Software based solutions deployment: a handful of strategies

🚀 One of SDTools’ specialties is to provide ad hoc solutions in the vibration domain. When an R&D project is successful, clear and efficient simulation procedures have been devised, and documented in the output.

🤝 The ability to reproduce the process is often required by our customers, which raises the question of deployment and optimization of our MATLAB based solutions into production within the customers’ framework configuration, that may not include MATLAB.

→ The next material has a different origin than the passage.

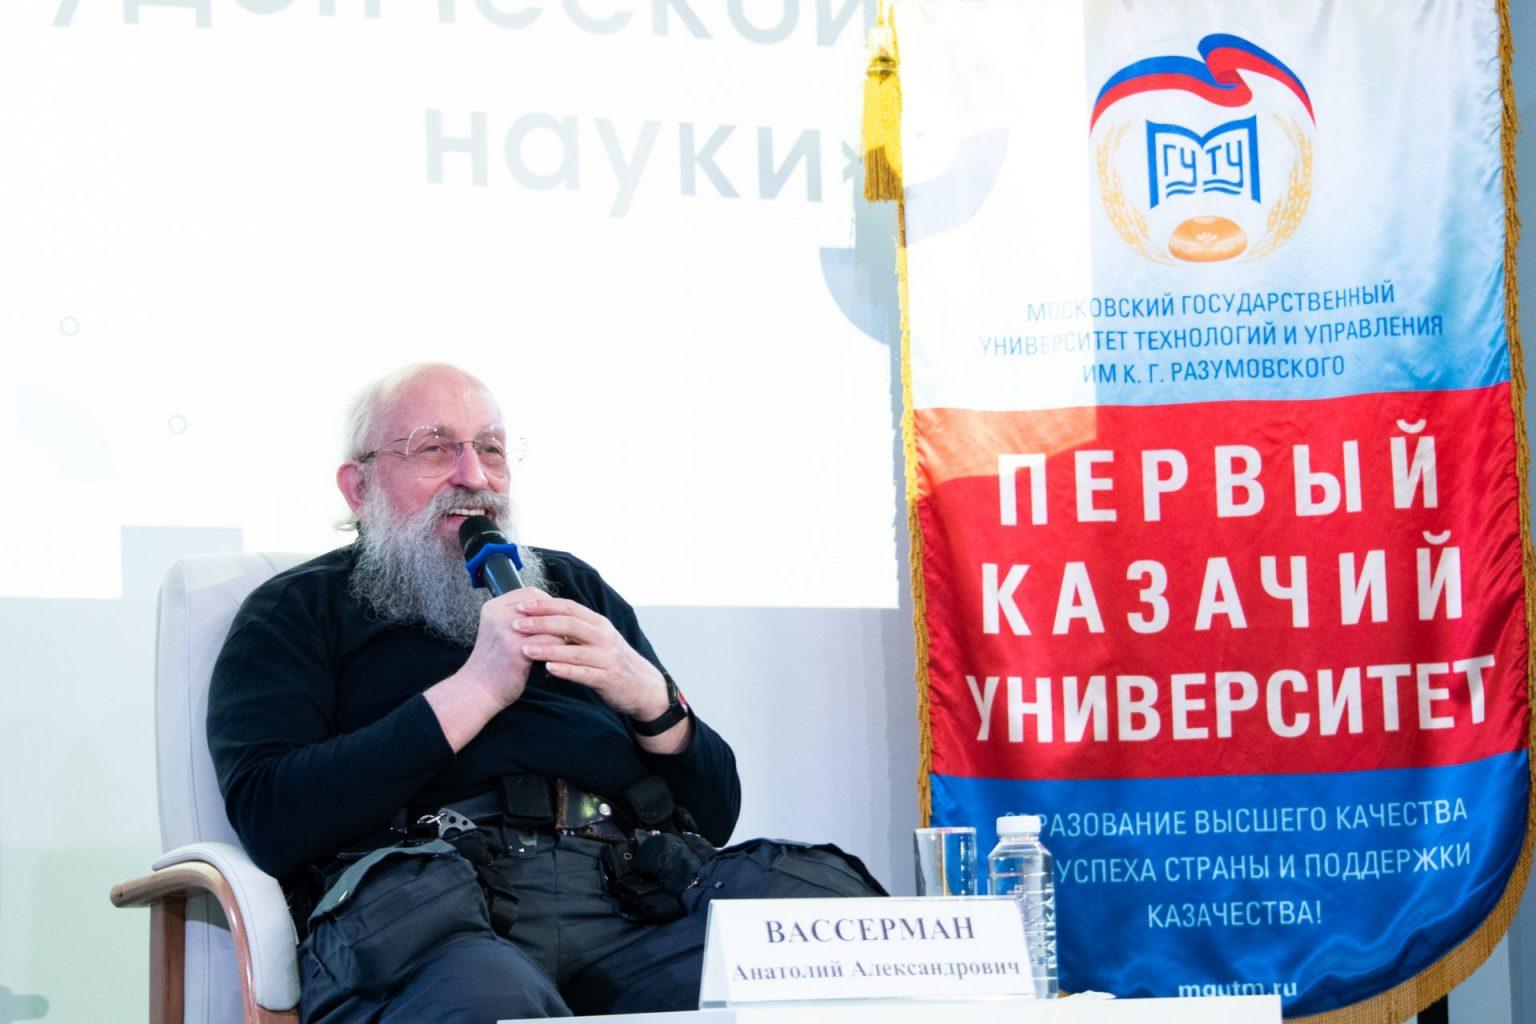 Анатолий Вассерман: «Надо самому себе ставить задачи на пределе возможностей»

đź’ˇ Throughout the years we encountered many use cases for which we continuously improved our solutions to fit all needs, to cover GUI integration, Runtime deployment, remote computing, external solver handling, and context-based optimization.

GUI and Runtime: process integration into a standalone application fit for production

Once a simulation procedure is stabilized, its integration in a production process requires clear input and output definition, so that scripting, console prompts, or manual tweaks shall not be necessary. This is a fundamental step for accessibility to a wider audience in project contexts.

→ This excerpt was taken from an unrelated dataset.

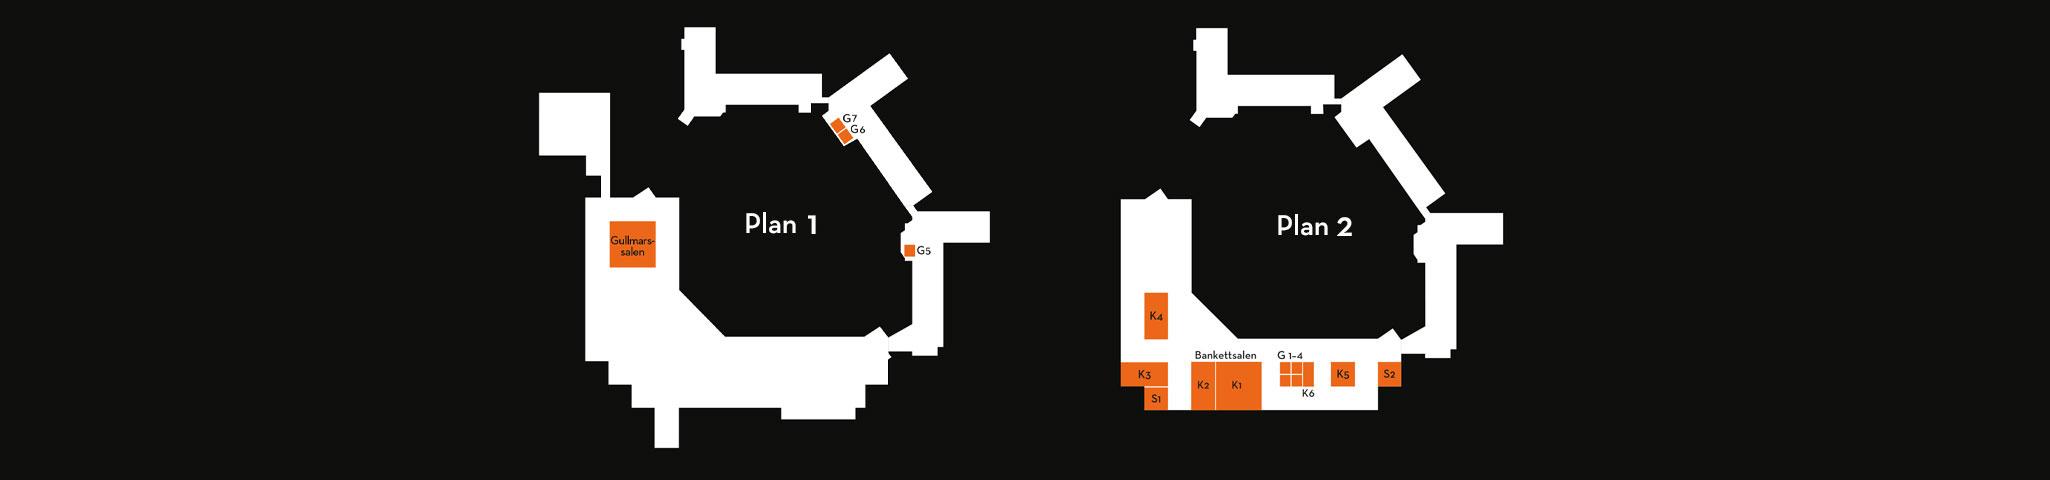 Konferenslokaler, skissar och planritning pa konferenslokaler pa vann spa hotell och konferens

Graphical User Interface (GUI) integration is critical to accessibility nowadays and works best with processes. Our custom applications can thus be packaged this way, based on our GUI development framework. While the layout remains simple, a clear distinction is made between the graphical layer and the application core and data to enable painless further evolution, and for our concern, to optimize synergies and maintainability of all layers.

Besides purely customer driven application interfaces, SDT features its own set of interfaced procedures, for which specific actions can be altered in the custom layer. Our project tab illustrated below allows setting working directories and storing project context. You can see a specific plots directory is given, and the report entry providing a filename that our automatic reporting and capture insertion strategies will fill. You can for example check our post about automatic reporting to get further insights: https://www.sdtools.com/automatic-reporting/

SDT Project tab for project environment with capture and reporting handling.

Customization is usual for our FEMLink tab, that handles model import from external codes. Many ways of constructing a working model, possibly combining input and results from other solvers, are possible. E.g. squeal simulation builds require a few additional commands and interactions with SDT-nlsim that can be bundled in the interface (prefilling, and/or alternative callbacks).

SDT FEMLink tab for external code imports.

We will detail in a future post how processes can now be integrated for customized applications, stay tuned!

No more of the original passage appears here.